PROBLEM DETAILS:
Without any images, write the listing below out word for word.

SUPPLIED INFORMATION:
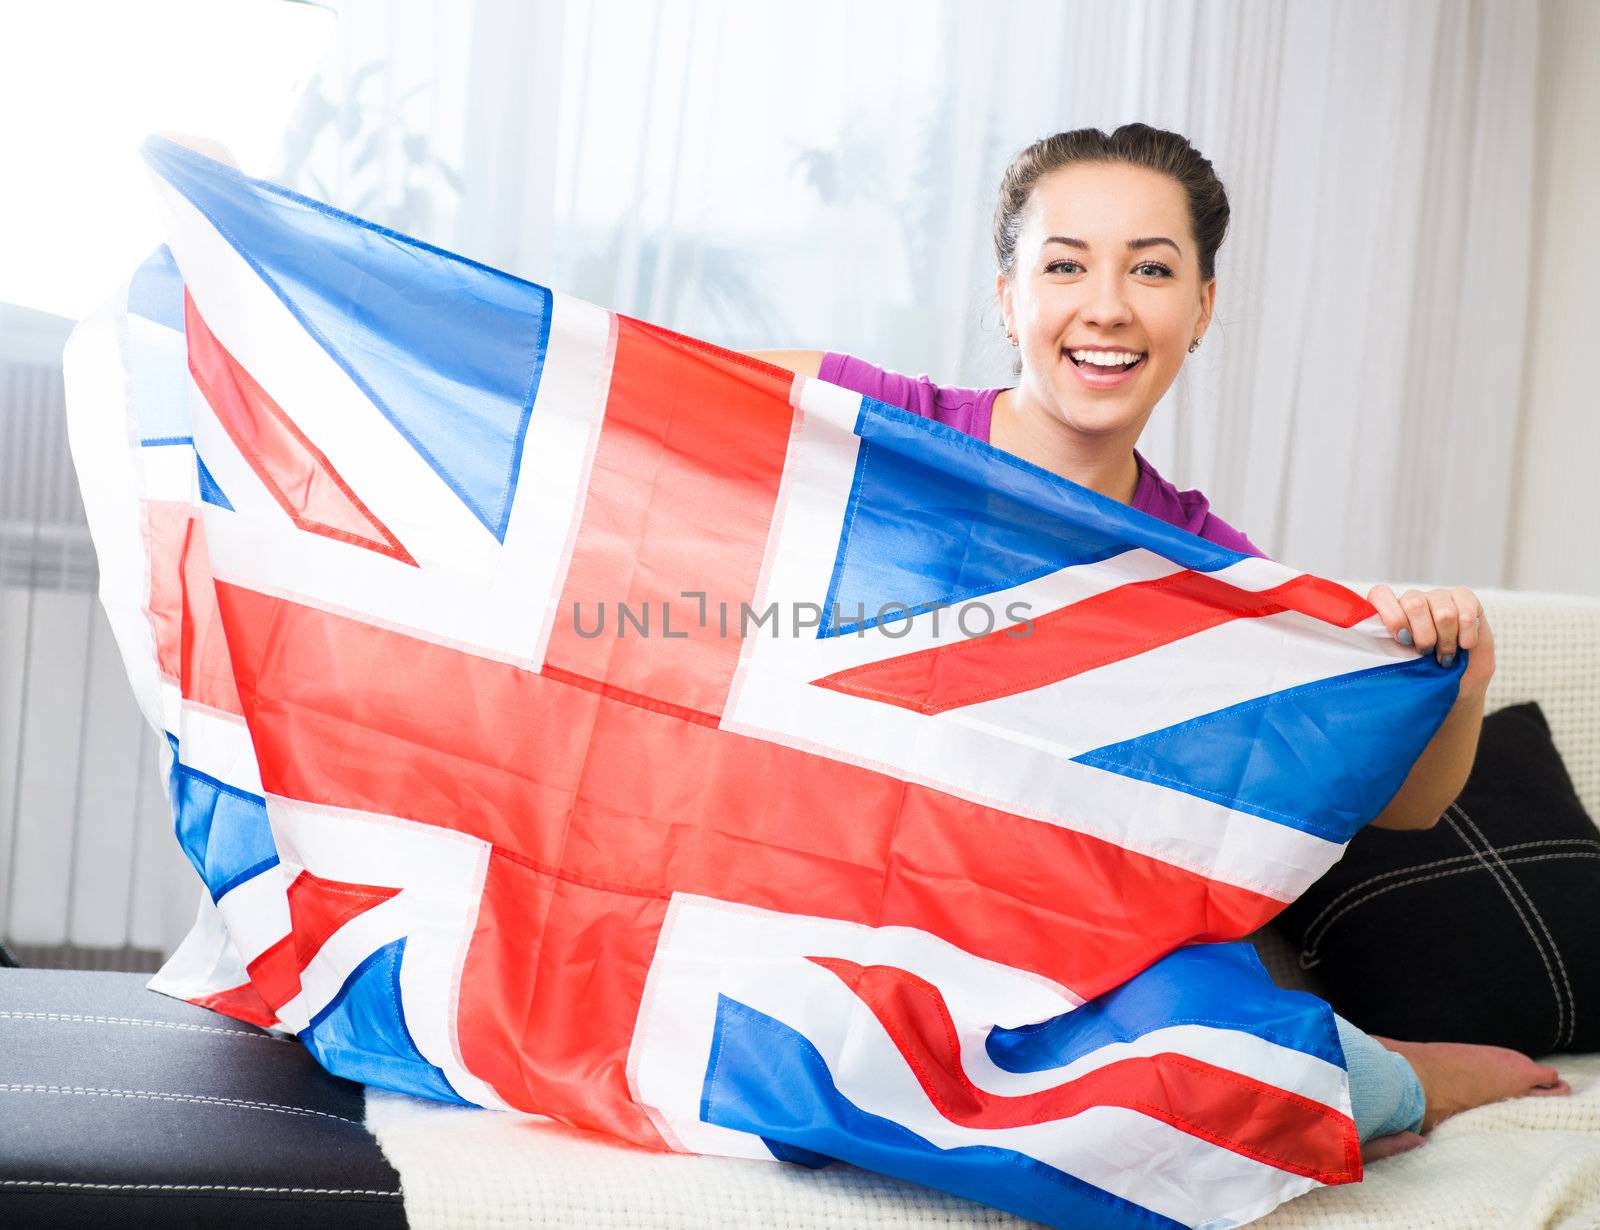 British woman holding the Jack Union flag
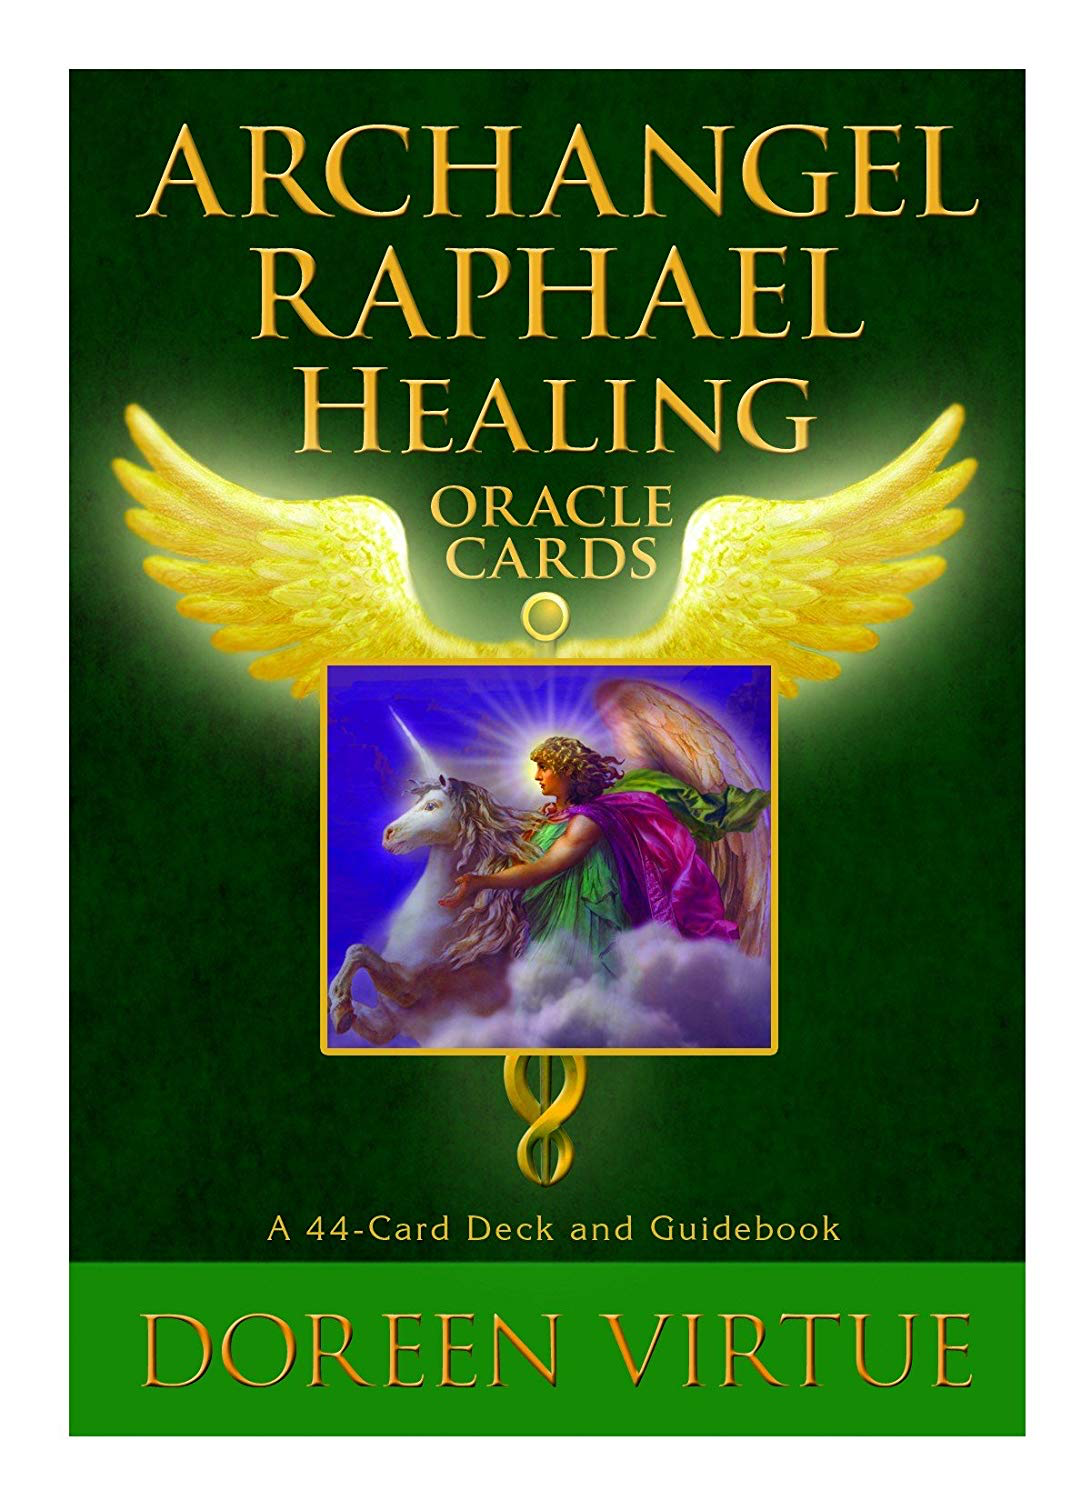 Archangel Raphael Healing Oracle Cards 英語版 中古 良い 日本のオラクルカード タロットカード全集オンラインストア
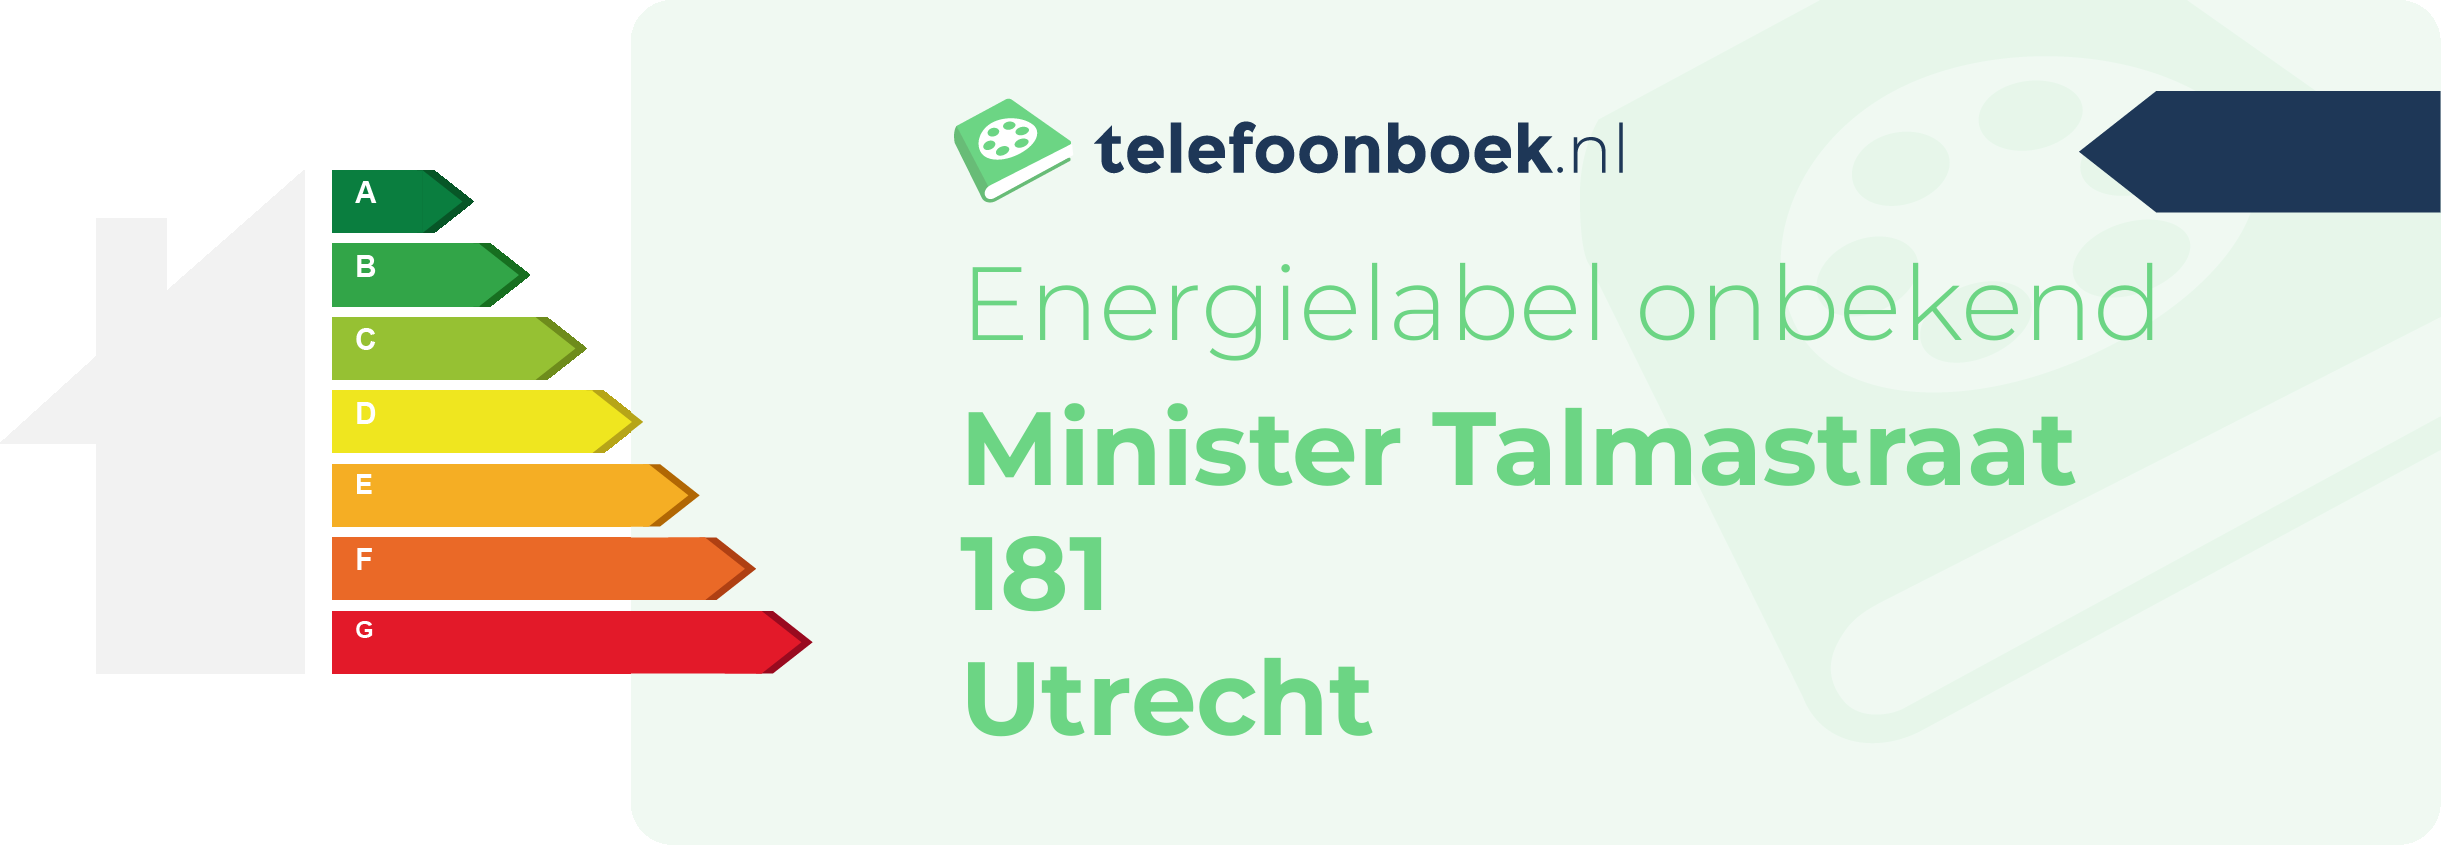 Energielabel Minister Talmastraat 181 Utrecht

ANSWER SECTION:
 British woman holding the Jack Union flag
 Archangel Raphael Healing Oracle Cards 英語版 中古 良い 日本のオラクルカード タロットカード全集オンラインストア
 Energielabel Minister Talmastraat 181 Utrecht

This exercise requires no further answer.